Tudo ao molho e fé em Deus
Pote de ouro na casa de Matheus
Pedro Azevedo
Em nenhuma outra modalidade é tão possível o David bater o pé ao Golias como no mundo do ludopédio. Por isso, o futebol possui um sortilégio inigualável entre os diversos desportos. Muitas vezes a equidade provém da falta de eficácia do mais forte, outras vezes do engenho e da organização do mais fraco que permite que o todo valha muito mais que o somatório das partes. Na maioria dos casos porém esse equilíbrio é fruto das conjugação destes factores. Isto em condições de pressão e temperatura constantes do sistema, claro. Infelizmente, nas últimas décadas, em demasiadas ocasiões quando o Sporting joga, ou o termostato se avaria ou temos bar (e var?) aberto. Concomitantemente, o sistema desregula-se. E sempre que falha um sensor, nunca falta um censor.
Hoje à tarde, nos Açores, o Sporting podia e devia ter resolvido a contenda na primeira parte. Com Palhinha imperial no centro do campo, Matheus é como um elástico à sua volta que se vai esticando ou apertando consoante as necessidades da equipa. Durante o primeiro tempo esticou-se tanto que isso provocou suficientes desequilíbrios para matarmos o jogo. Faltou eficácia, que é como quem diz faltou um "Matador", um ponta de lança. Quem não tem cão, caça com gato, e Pote (a passe de Jovane) desfez a igualdade com um remate certeiro de pé esquerdo executado de ângulo difícil. Dir-se-ia que o pior já tinha passado, mas isso é coisa que nunca passa pela cabeça de um Sportinguista. Anos e anos de improbabilidades que se reverteram contra nós fazem com que em cada Sportinguista haja um ser muito desconfiado e cínico. Não se infira daí que temos medo de ser felizes. Nada disso. Aquilo que efectivamente tememos é voltarmos a ser apanhados desprevenidos. É que depois não haveria coração que aguentasse o Coates ensarilhar-se com a bola e abrir uma improvável autoestrada numa pequena ilha. Assim, lá fomos nós para o intervalo com mais uma daquelas vitórias morais do nosso passado recente.
No recomeço, o Sporting não voltou tão desenvolto. A relva, em péssimo estado, fofa e cada vez mais solta, também não ajudava. Mas fundamentalmente deixámos de controlar o meio-campo tão bem como no primeiro tempo. Para tal muito contribuiu o elástico ter-se partido. Esgaçado, tanto pelo uso (vai-vem constante) como pelo atrito (entradas a matar dos insulares), Matheus não conseguiu contribuir como anteriormente e a equipa ressentiu-se.

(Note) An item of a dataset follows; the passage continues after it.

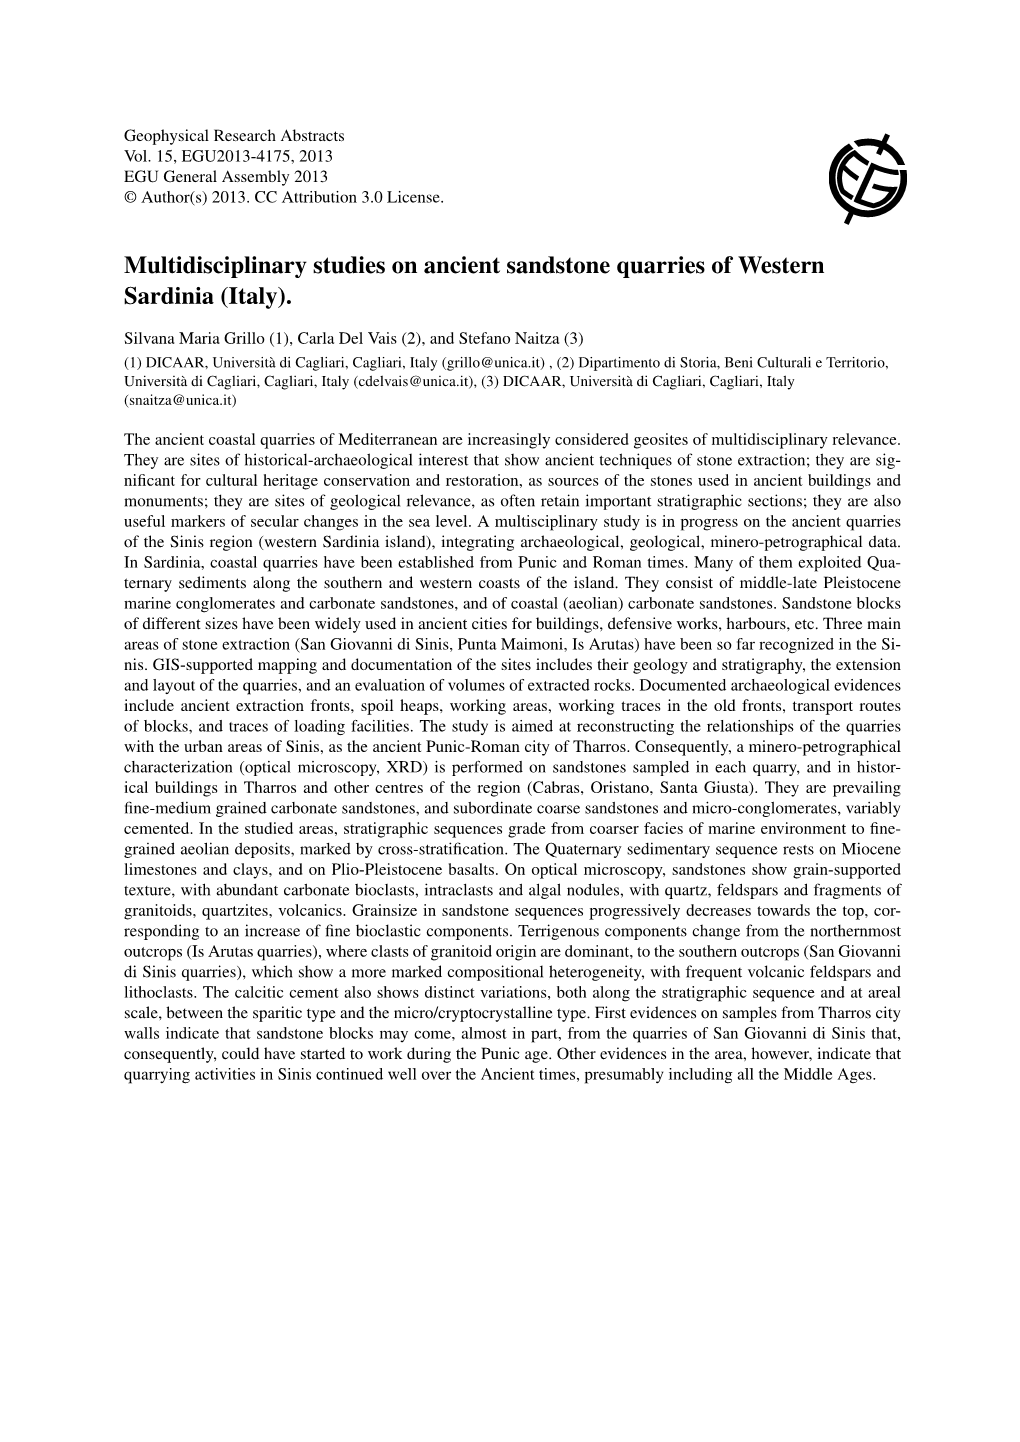 Multidisciplinary Studies on Ancient Sandstone Quarries of Western Sardinia (Italy)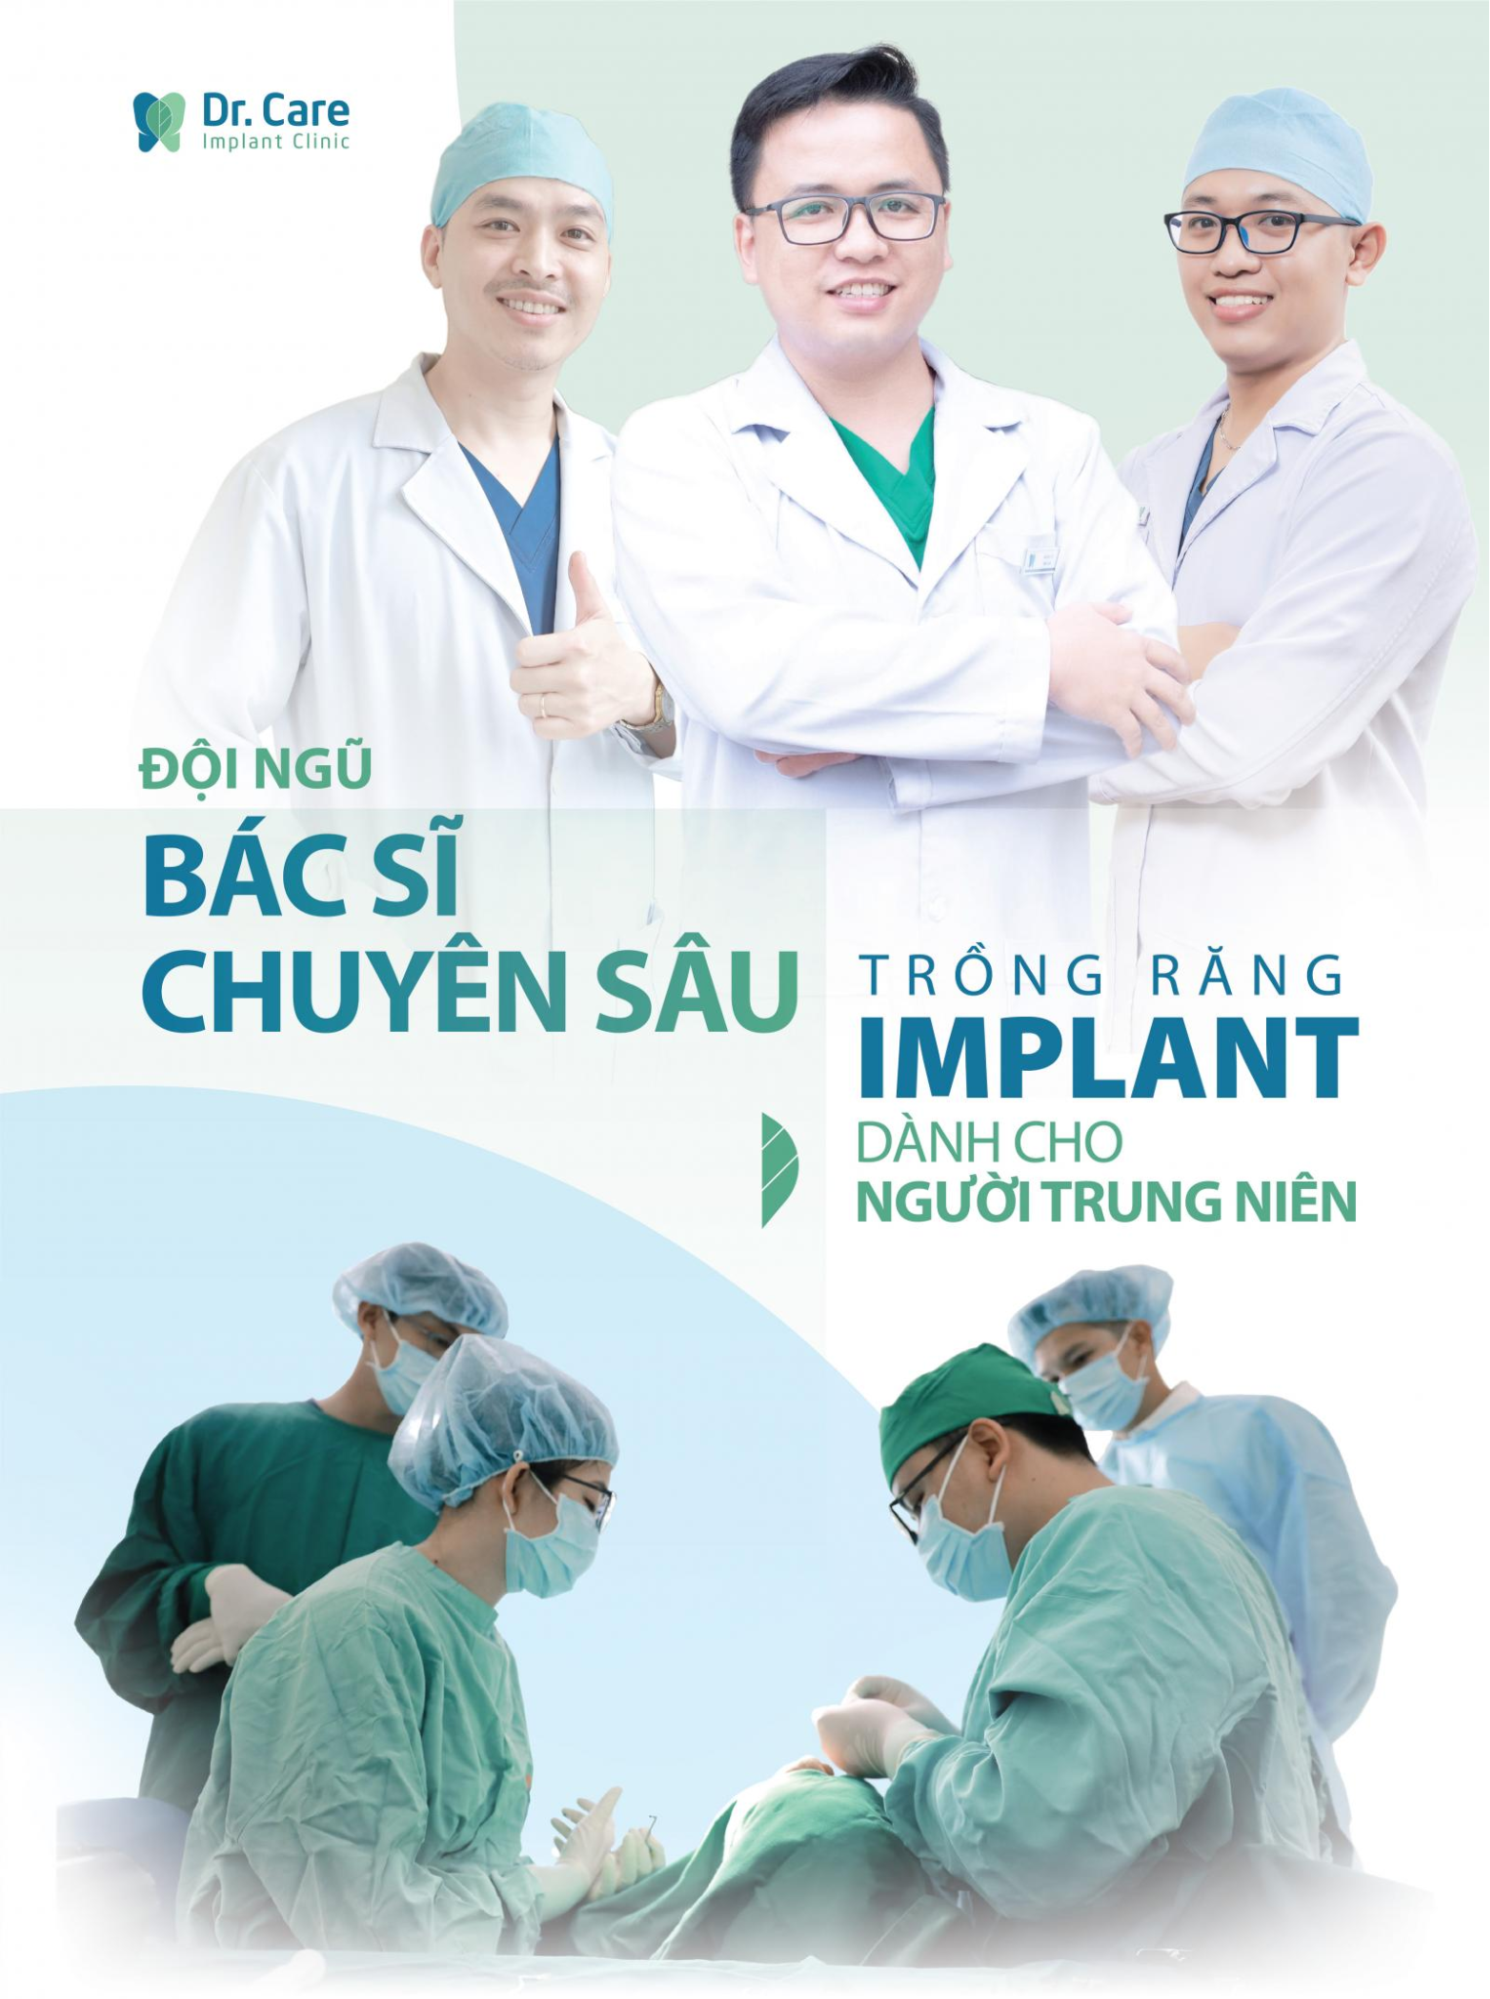 Dr. Care Implant Clinic - Nha khoa uy tín Bình Thạnh

O jogo tornou-se muito menos fluído e nem mesmo a entrada de João Mário o abanou suficientemente. Ainda assim tivémos duas soberanas ocasiões de golo, ambas ingloriamente desperdiçadas por Sporar (substituiu Jovane). Na primeira, o esloveno cabeceou sozinho e não acertou na baliza; na segunda a bola parece que o perpassou como se ele fora um holograma dos balcãs, efeito sobrenatural já avistado em duas ou três situações com idêntico protagonista em Alvalade. Porro e João Mário, respectivamente, fizeram as assistências com mel. Até que Pote, correspondendo a um passe longo de Feddal, beneficiou de um momento de apanhados em que o guarda-redes contrário se retirou a si próprio e a um defesa do lance e, novamente de pé esquerdo, marcou.
Vitória justíssima do Sporting, ainda que tanta caridade cristã, embora neste caso com a atenuante de ser com (o) Santa Clara, não seja recomendável no futuro a não ser que também se pretenda fazer um voto de pobreza.